The debate over how to curb/contain the homeless population in Venice has been tearing the community apart for years.

Homeless advocates argue that the street people have owned Venice far longer than the arty millionaires. But some residents aren't down to pay skyrocketing rents while RVs dump human excrement on their sidewalks. In short — it's the Gentry vs. the Funky in L.A.'s hippest beach town!

As of this morning, it appears all is fair in this neighborhood war:

Mark Ryavec, president of the Venice Stakeholders Association (aka, the don't-poop-on-my-sidewalk association), has published a list he calls the “Westside Guide to Safe Camping Locations for the Homeless.”

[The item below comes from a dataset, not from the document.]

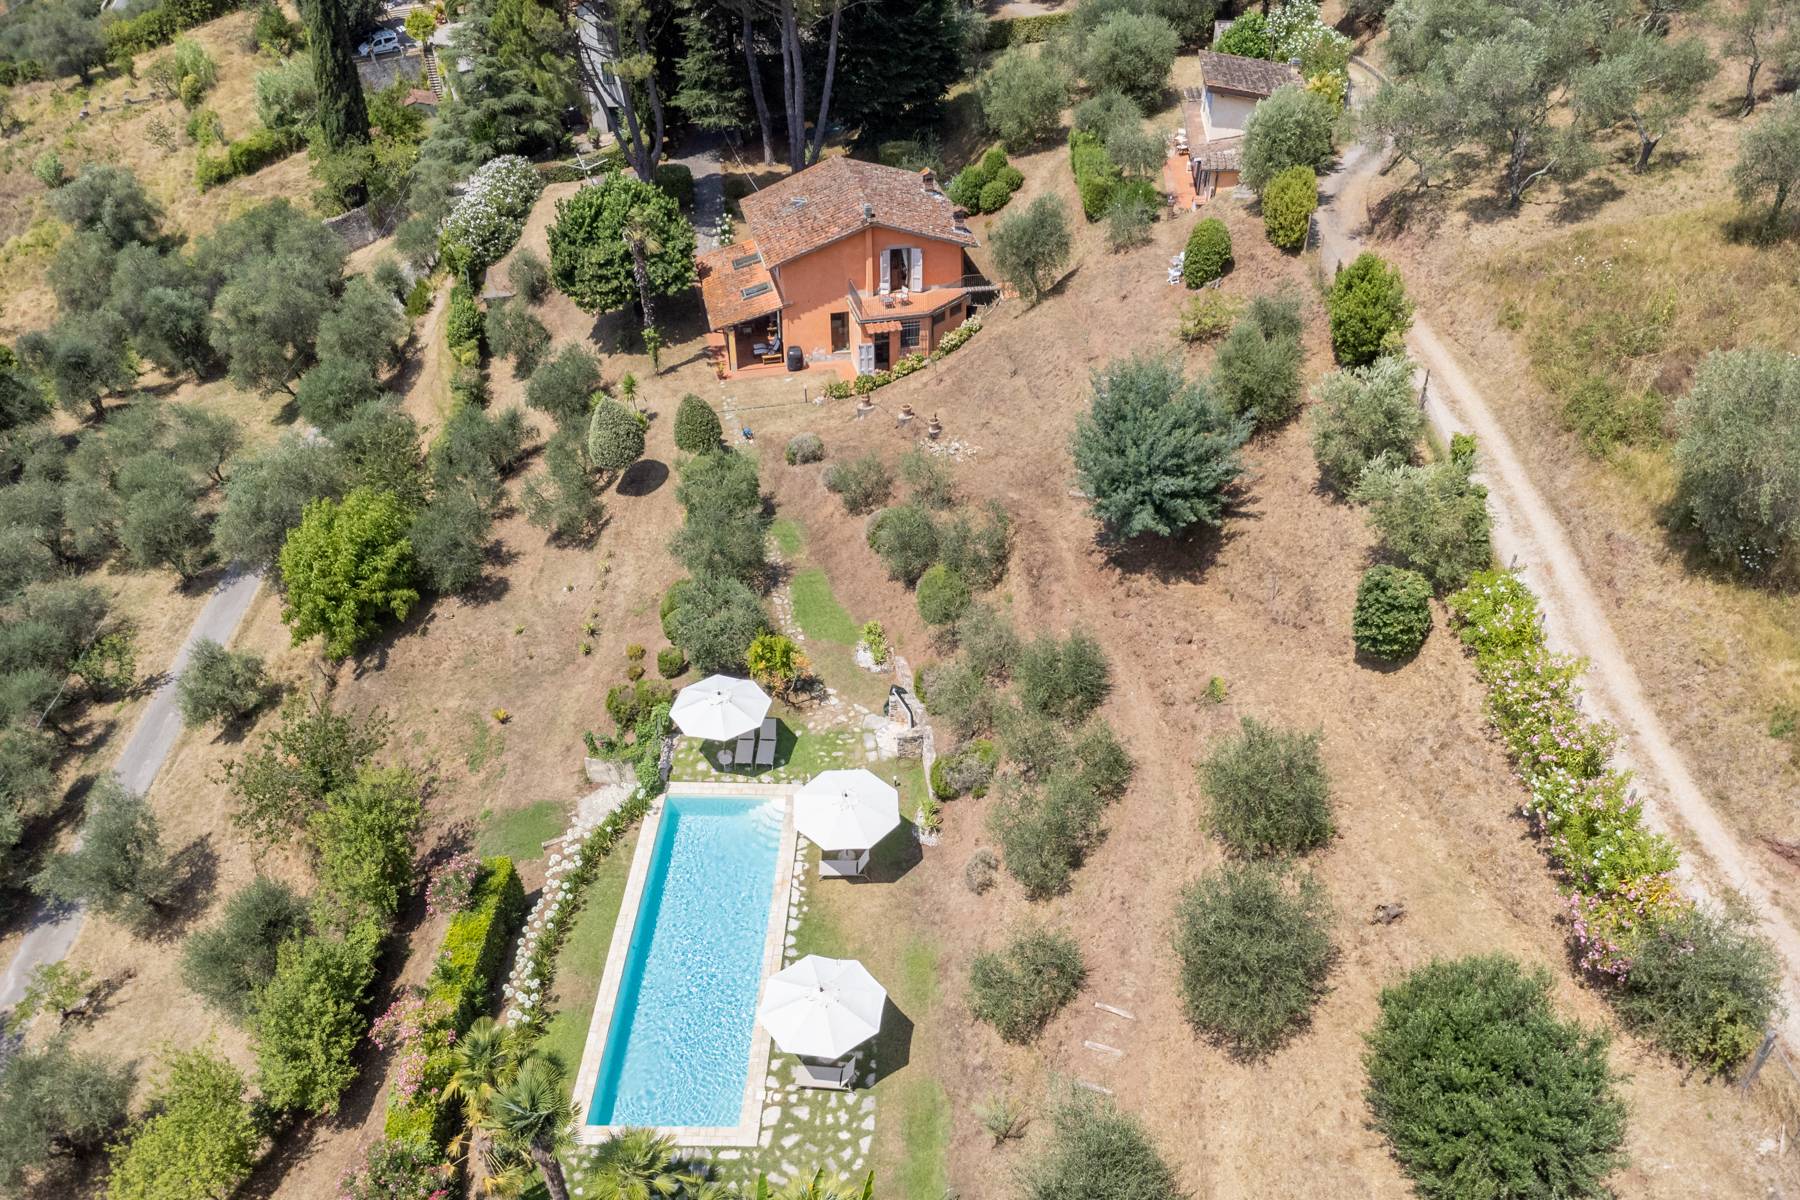 Villa in Vendita a Lucca: 5 locali, 220 mq - Foto 28

Ryavec advises the homeless people camped out along 3rd Avenue between Rose and Sunset to relocate to the addresses listed, because the 3rd Avenue residents and property owners…

“… find this encampment, with its related crime, assaults on police officers and residents (one as recent as this past Saturday evening), public drug sales and use, public inebriation, public urination and defecation, and threat to public health, to be intolerable. We will continue to press the City of Los Angeles for the removal of this encampment, including bringing a lawsuit against the City of Los Angeles for maintaining a public nuisance if necessary.”

Here's the list of alternative hosts:

  • Mayor Antonio Villaraigosa
  • Councilman Bill Rosendahl
  • Deputy Mayor Larry Frank
  • Carol Sobel
  • Nicolas Goldberg
  • Los Angeles Times
  • Linda Lucks
  • David Ewing
  • Steve Clare
  • Karen Wolfe
  • Debra Leshever

The guide comes complete with Google Maps screenshots, in case the 3rd Avenue bums get lost on their way to the promised land.

“In light of your vigorous support for the rights of the homeless to sleep on public pedestrian easements over private property, which is what sidewalks and parkways legally are, we are contacting you to ask if you have any objection to our including a photograph and address of your residence in camping guide,” Ryavec wrote in a letter to everyone on the list.

Although the sarcasm is so thick we can hardly cut through it — almost like Venice's own special brand of snark tongues! — we believe the Venice “stakeholders” are making a statement about how homeless advocates should be able to walk the walk, per se, by letting their precious bums sleep on their own damn doorsteps.

Because what all the politicians and activists on the list have in common is their unwillingness to sweep the homeless out of Venice cold-turkey. Villariagosa and Rosendahl aren't advocates, exactly, but they certainly have taken their time addressing the problem.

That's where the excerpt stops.